E come potrà mai essere “congrua” ai sensi dell’articolo 25[2] del d.lgs. 150/2015 un’offerta di lavoro a questo personale, che non sia per attività di docenza nelle scuole? Ma, queste offerte di lavoro non transiteranno mai dai servizi per il lavoro, essendo gestire direttamente da Ministero ed istituti scolastici.

 

La conclusione è che la normativa così come concepita costringe i docenti precari all’avventura kafkiana del rimbalzo tra patronati, Inps e centri per l’impiego necessaria solo per la giustificazione formale del rilascio della Naspi, senza che in realtà sia possibile impostare alcuna politica attiva vera nei loro confronti, anche perché, concretamente, nemmeno sarebbero interessati.

 

Sarebbe necessario ed urgente (ma tale urgenza dura ormai da anni ed ogni estate si ripresenta il problema) saper differenziare questo target di lavoratori e costruire per loro un percorso totalmente diverso, che condizioni la Naspi a presupposti diversi dalla messa a disposizione di politiche attive al di fuori dell’interesse di essi (a meno che non sia un lavoratore della scuola che consapevolmente chieda le politiche attive, per ragioni proprie, quali la consapevolezza di non poter aderire a chiamate per l’anno scolastico successivo).

 

Bisognerebbe mettere in condizione queste migliaia di lavoratori di limitarsi a chiedere la Naspi on-line, esentandoli (a meno, si ribadisce, di consapevoli esigenze) dalla successiva relazione con i centri per l’impiego, che si rivelerebbe sostanzialmente inutile e gravosa nella maggioranza schiacciante dei casi. Evitando, così, adempimenti inutili e calche di giorni e giorni, che poi rendono la vita difficile anche agli altri utenti dei servizi.

 

Discorso analogo andrebbe fatto anche per i lavoratori “stagionali”, spessissimo per nulla interessati a politiche attive del lavoro e alla ricerca di opportunità, potendo contare sulla precedenza prevista dall’articolo 24, comma 3. Sarebbe necessario che i sistemi informativi, mediante le Comunicazioni Obbligatorie, tracciassero la previsione del diritto di precedenza da inserire obbligatoriamente nell’atto scritto con cui si formalizza il contratto a termine, per poter escludere i lavoratori stagionali dai medesimi oneri procedurali imposti ai docenti delle scuole, sempre a meno che il singolo lavoratore non ritenga di dover attivarsi per una ricerca di lavoro per proprie scelte individuali.

 

Luigi Oliveri

ADAPT Professional Fellow

 

[1] Se ne riporta il testo: “Sono considerati disoccupati i soggetti privi di impiego che dichiarano, in forma telematica, al sistema informativo unitario delle politiche del lavoro di cui all’articolo 13, la propria immediata disponibilità allo svolgimento di attività lavorativa e alla partecipazione alle misure di politica attiva del lavoro concordate con il centro per l’impiego”.

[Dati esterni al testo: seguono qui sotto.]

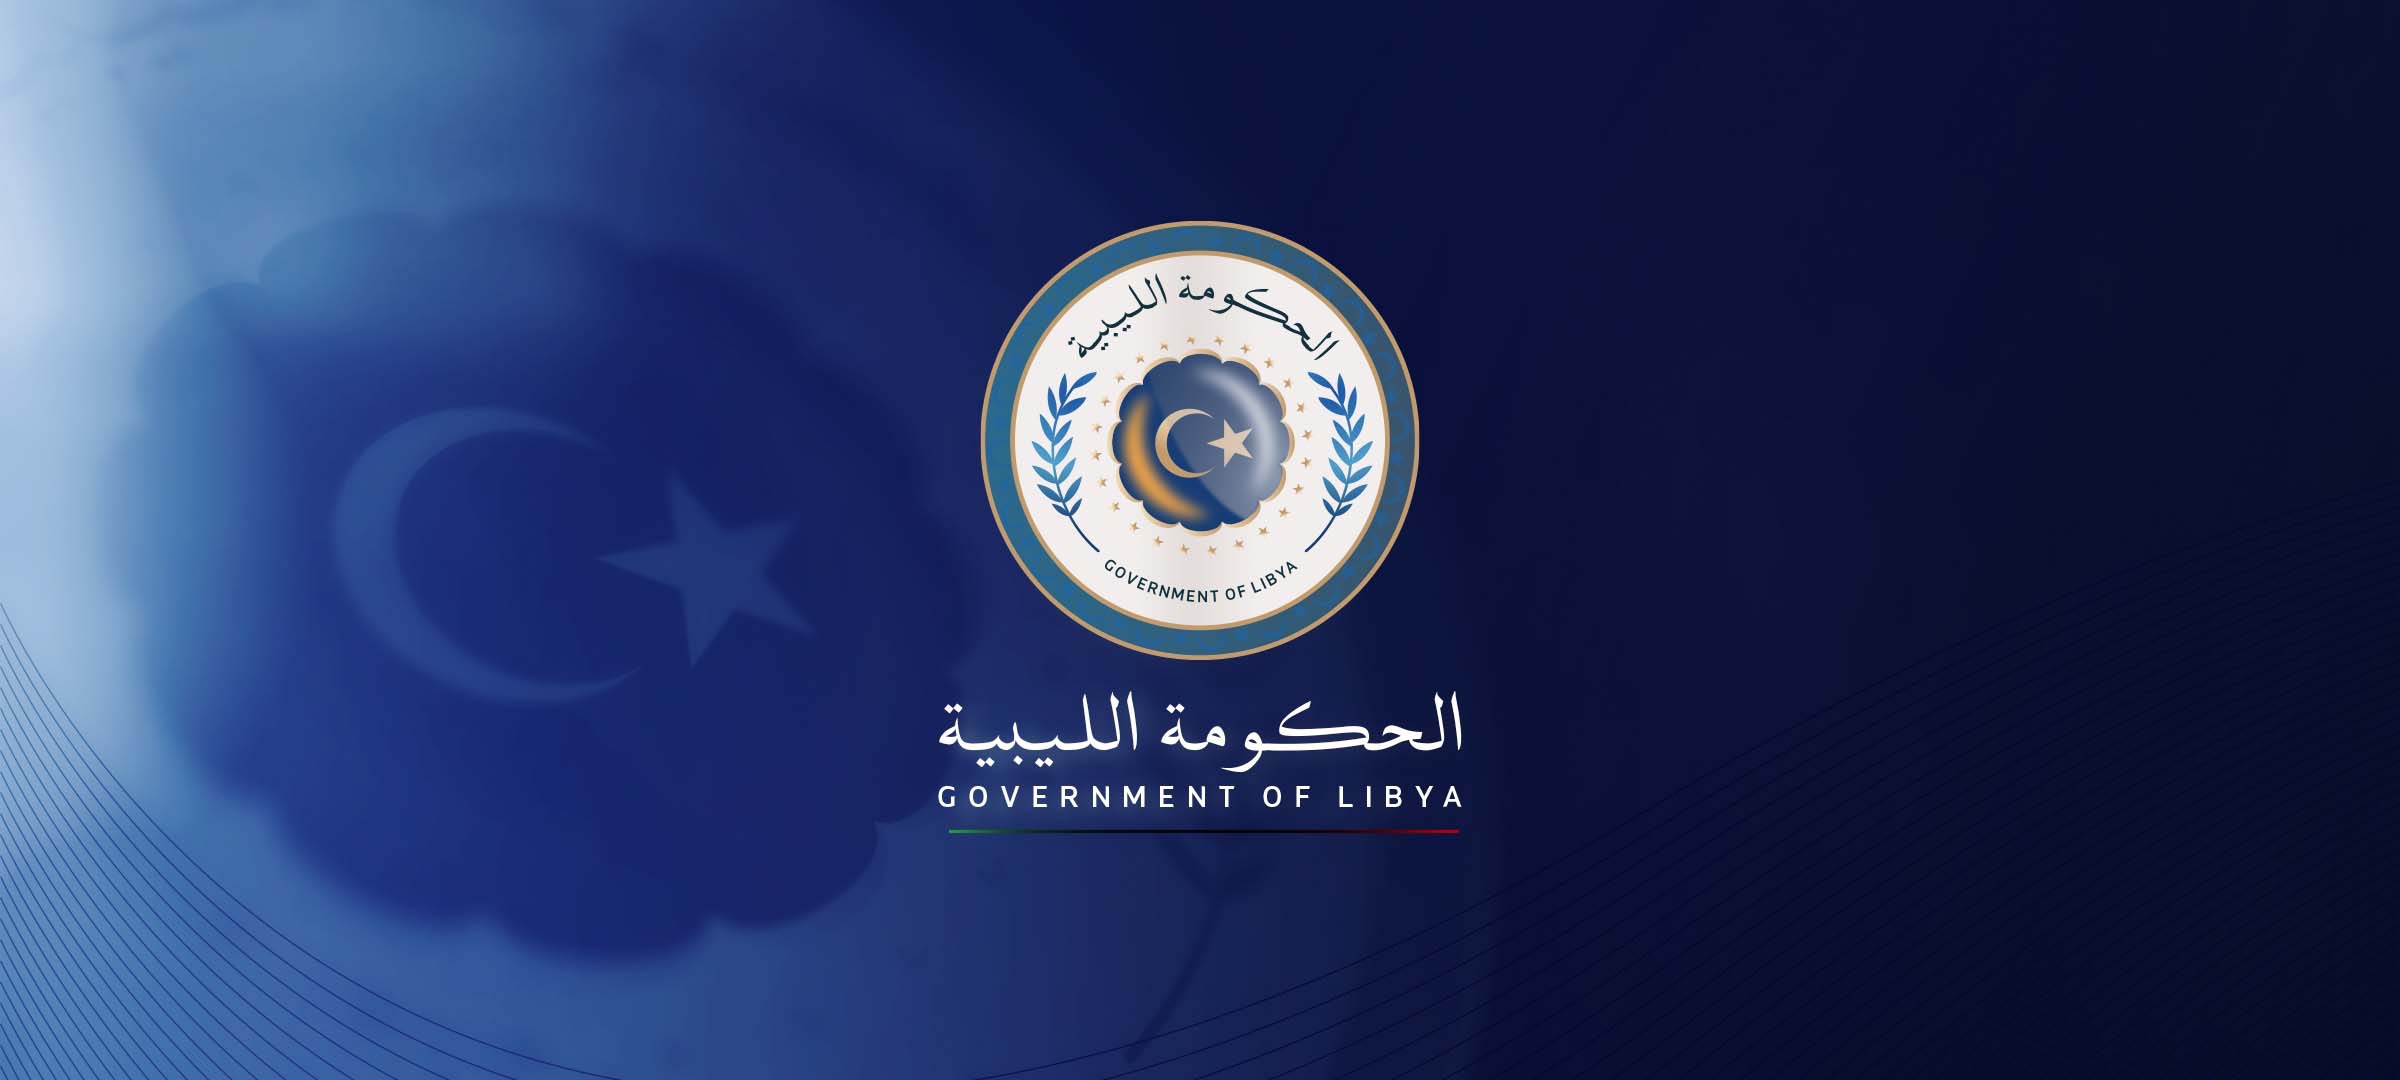  الحكومة الليبية تعلن أماكن توزيع كميات جديدة من البيض واللحوم المستوردة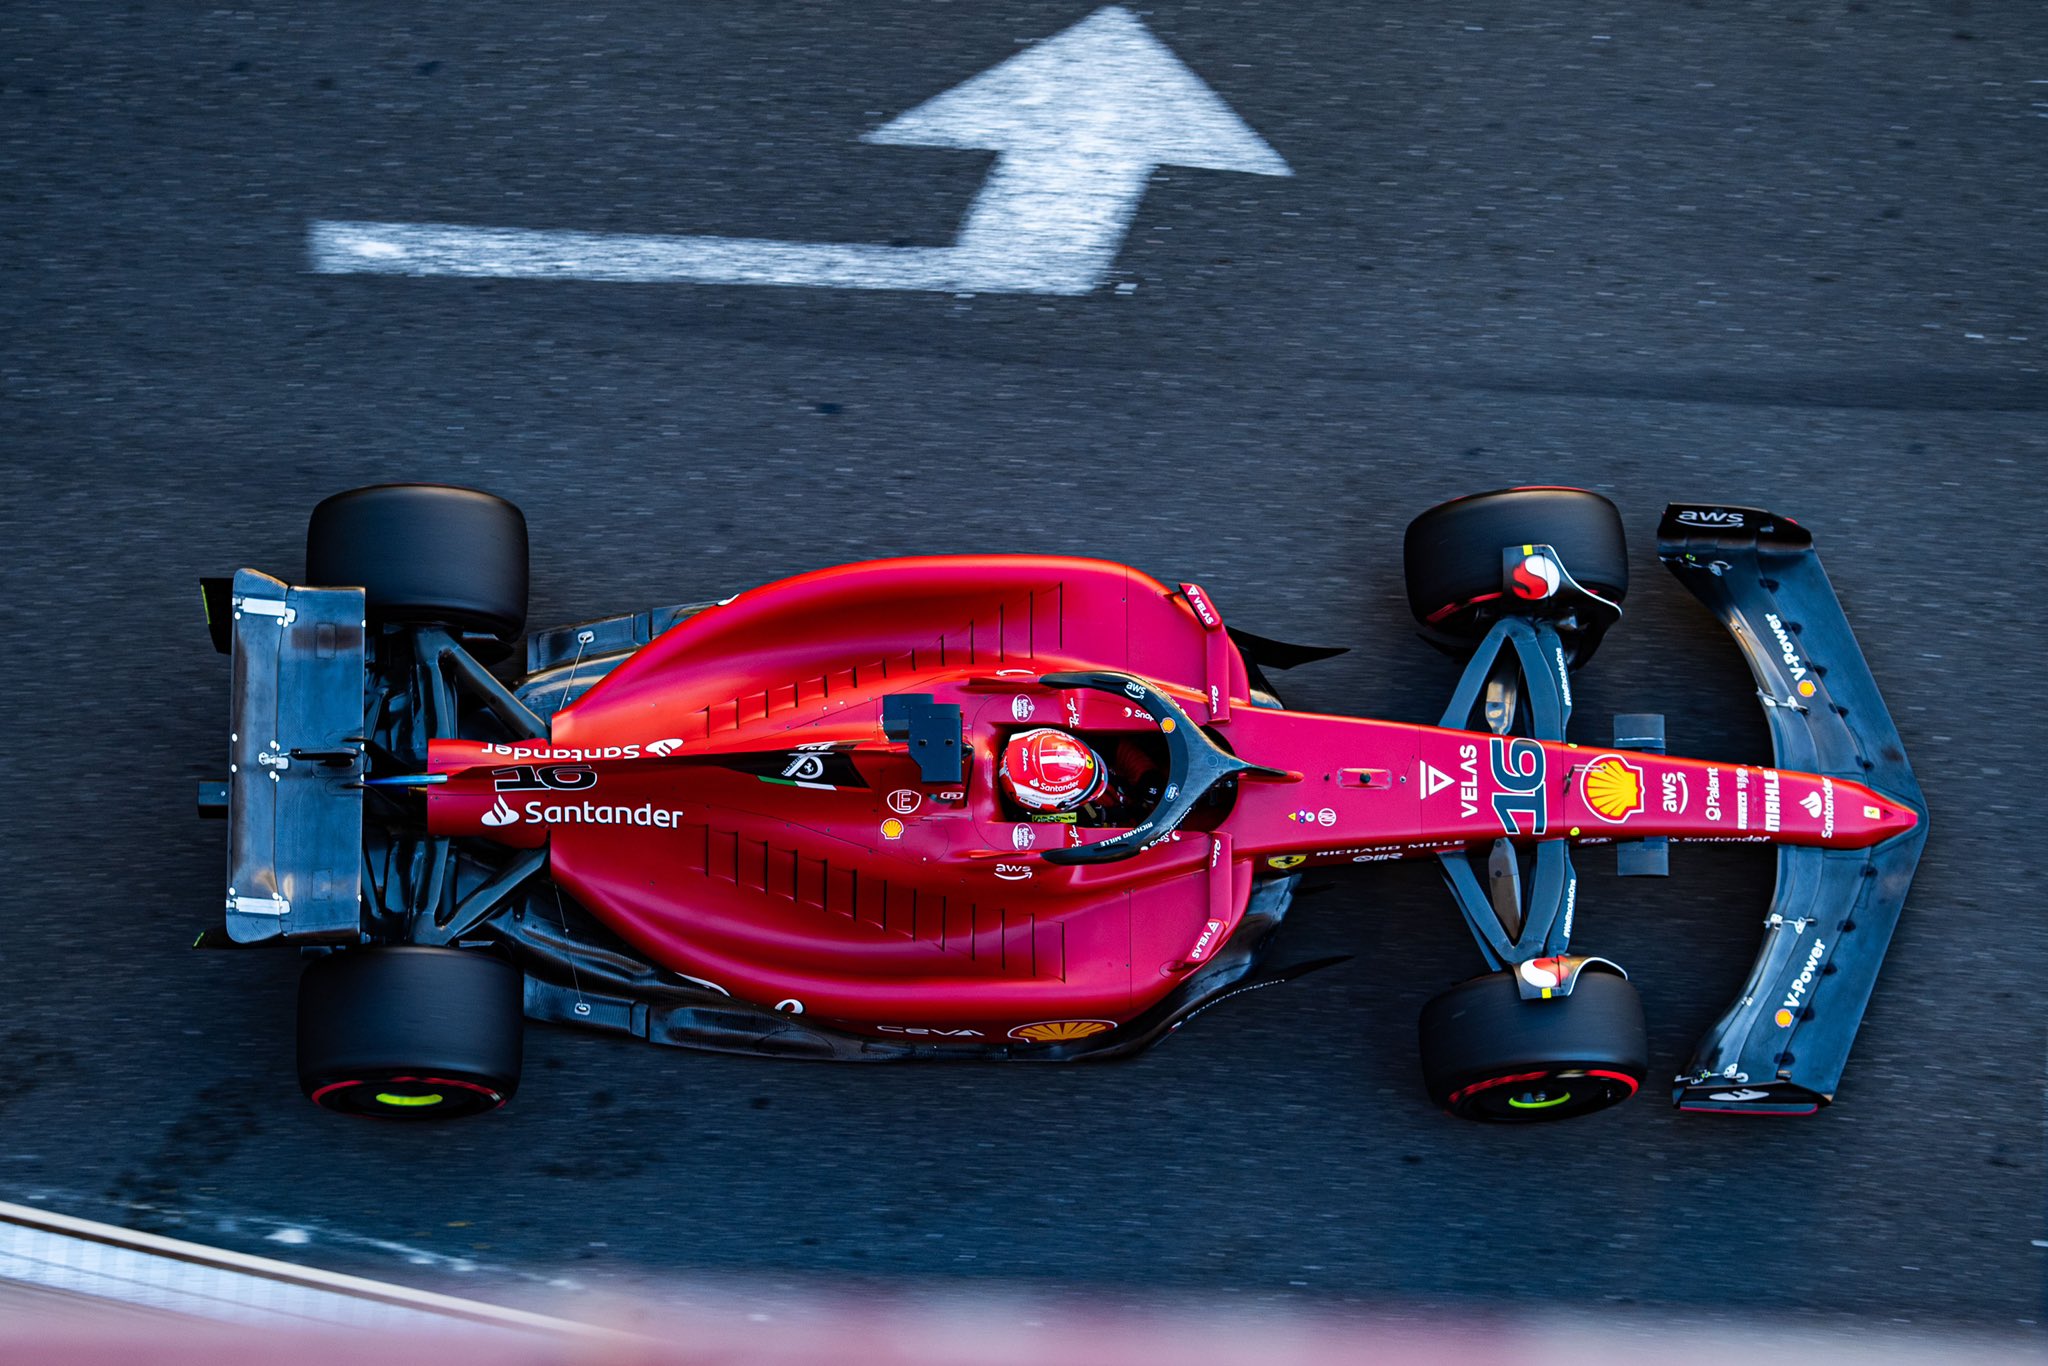 F1 - Charles Leclerc en pole position sur la grille de départ à Bakou

[2] Se ne riporta il testo:

Art. 25.  Offerta di lavoro congrua

1. Il Ministero del lavoro e delle politiche sociali provvede alla definizione di offerta di lavoro congrua, su proposta dell’ANPAL, sulla base dei seguenti principi:
a) coerenza con le esperienze e le competenze maturate;
b) distanza dal domicilio e tempi di trasferimento mediante mezzi di trasporto pubblico;
c) durata della disoccupazione;
d) retribuzione superiore di almeno il 20 per cento rispetto alla indennità percepita nell’ultimo mese precedente, da computare senza considerare l’eventuale integrazione a carico dei fondi di solidarietà, di cui agli articoli 26 e seguenti del decreto legislativo attuativo della delega di cui all’articolo 1, comma 2, della legge n. 183 del 2014.
2. I fondi di solidarietà di cui agli articoli 26 e seguenti del decreto legislativo attuativo della delega di cui all’articolo 1, comma 2, della legge n. 183 del 2014, possono prevedere che le prestazioni integrative di cui all’articolo 3, comma 11, lettera a), della legge n. 92 del 2012, continuino ad applicarsi in caso di accettazione di una offerta di lavoro congrua, nella misura massima della differenza tra l’indennità complessiva inizialmente prevista, aumentata del 20 per cento, e la nuova retribuzione.
3. Fino alla data di adozione del provvedimento di cui al comma 1, trovano applicazione le disposizioni di cui all’articolo 4, comma 41, e 42 della legge 28 giugno 2012, n. 92.